Poddać się Bożemu planowi. Spokojnie trwać u stóp Pana. On o nas zadba. Trafny przykład postaw pokazuje dzisiejsze pierwsze czytanie. Postaw zestawionych z wychowawczym podejscie Boga do człowieka. Daje tyle rzeczy, ile człowiekowi potrzeba:
„I będzie wychodził lud, i każdego dnia będzie zbierał według POTRZEBY DZIENNEJ. Chcę ich także doświadczyć, czy pójdą za moimi rozkazami czy też nie.”
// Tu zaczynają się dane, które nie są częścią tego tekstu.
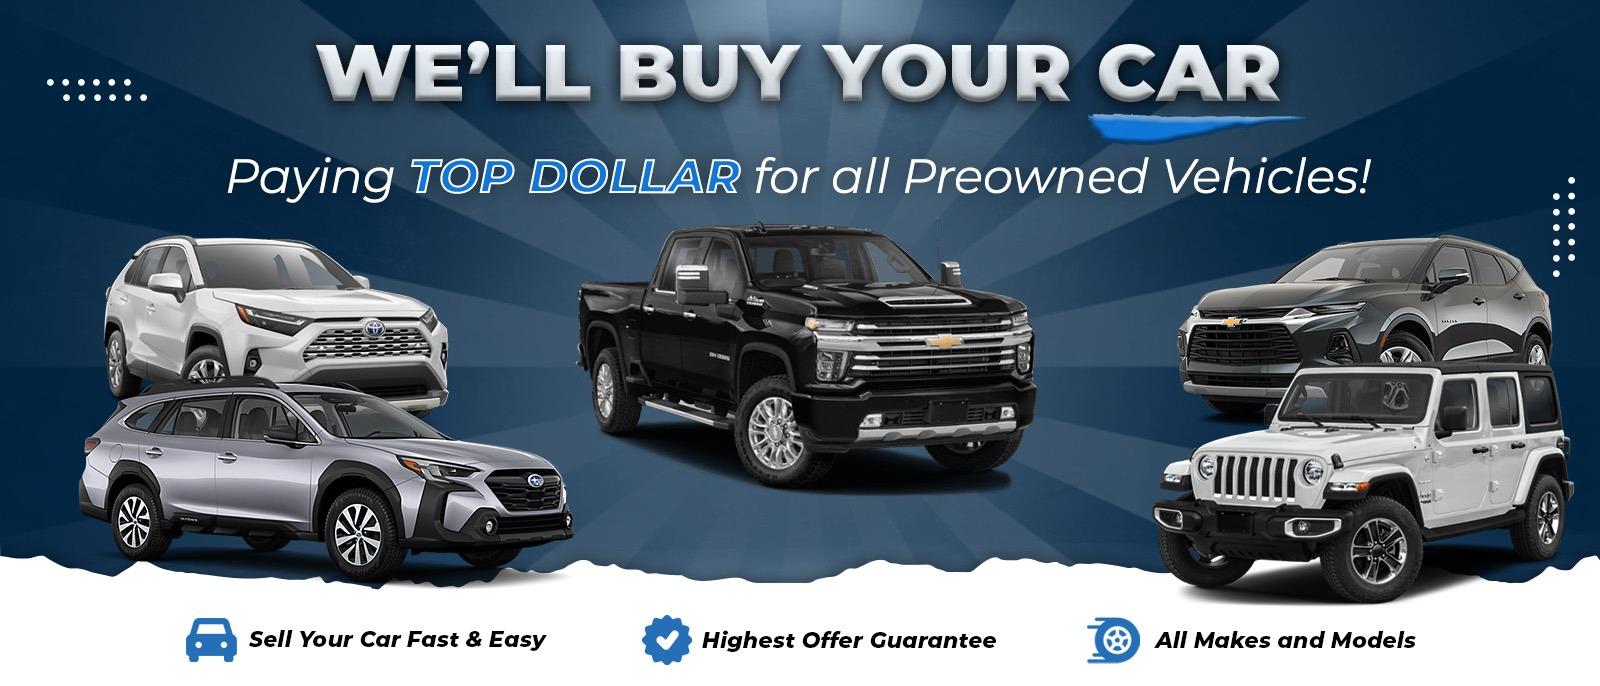 Paying Top Dollar for all Preowned Vehicles

Synowie Izraela wyruszyli z Elim. Przybyło zaś całe zgromadzenie Izraelitów na pustynię Sin, położoną między Elim a Synajem, piętnastego dnia drugiego miesiąca od ich wyjścia z ziemi egipskiej. I zaczęło szemrać na pustyni całe zgromadzenie Izraelitów przeciw Mojżeszowi i przeciw Aaronowi. Izraelici mówili im: „Obyśmy pomarli z ręki Pana w ziemi egipskiej, gdzie zasiadaliśmy przed garnkami mięsa i jadaliśmy chleb do syta! Wyprowadziliście nas na tę pustynię, aby głodem zamorzyć całą tę rzeszę”. Pan powiedział wówczas do Mojżesza: „Oto ześlę wam chleb z nieba, jak deszcz. I będzie wychodził lud, i każdego dnia będzie zbierał według potrzeby dziennej. Chcę ich także doświadczyć, czy pójdą za moimi rozkazami czy też nie. Lecz szóstego dnia zrobią zapas tego, co przyniosą, a będzie to podwójna ilość tego, co będą zbierać codziennie”. Mojżesz rzekł do Aarona: „Powiedz całemu zgromadzeniu Izraelitów: Przybliżcie się do Pana, gdyż słyszał wasze szemrania”. Gdy Aaron przemawiał do całego zgromadzenia Izraelitów, spojrzeli ku pustyni i ukazała się im w obłoku chwała Pana. I przemówił Pan do Mojżesza tymi słowami: „Słyszałem szemranie Izraelitów. Powiedz im tak: O zmierzchu będziecie jeść mięso, a rano nasycicie się chlebem. Poznacie wtedy, że Ja, Pan, jestem waszym Bogiem”. Rzeczywiście wieczorem przyleciały przepiórki i pokryły obóz, a nazajutrz rano warstwa rosy leżała dokoła obozu. Gdy się warstwa rosy uniosła ku górze, wówczas na pustyni leżało coś drobnego, ziarnistego, niby szron na ziemi. Na widok tego Izraelici pytali się wzajemnie: „Co to jest?” – gdyż nie wiedzieli, co to było. Wtedy powiedział do nich Mojżesz: „To jest chleb, który daje wam Pan na pokarm”. (Wj 16, 1-5. 9-15)
Panie przyjdź w mocy Ducha i ucz mnie postawy dziękczynienia. Pomóż mi z wdzięcznością i radością przyjmować Twoje dary. Wlej w mój umysł i serce świadomośc tego, że dajesz mi swe dary dla rozwoju duchowego i wewnętrznego. Pomóż mi wzrastać i rozwijać się ku miłości, szczęściu, zbawieniu umiejetnie używajac rzeczy stworzonych.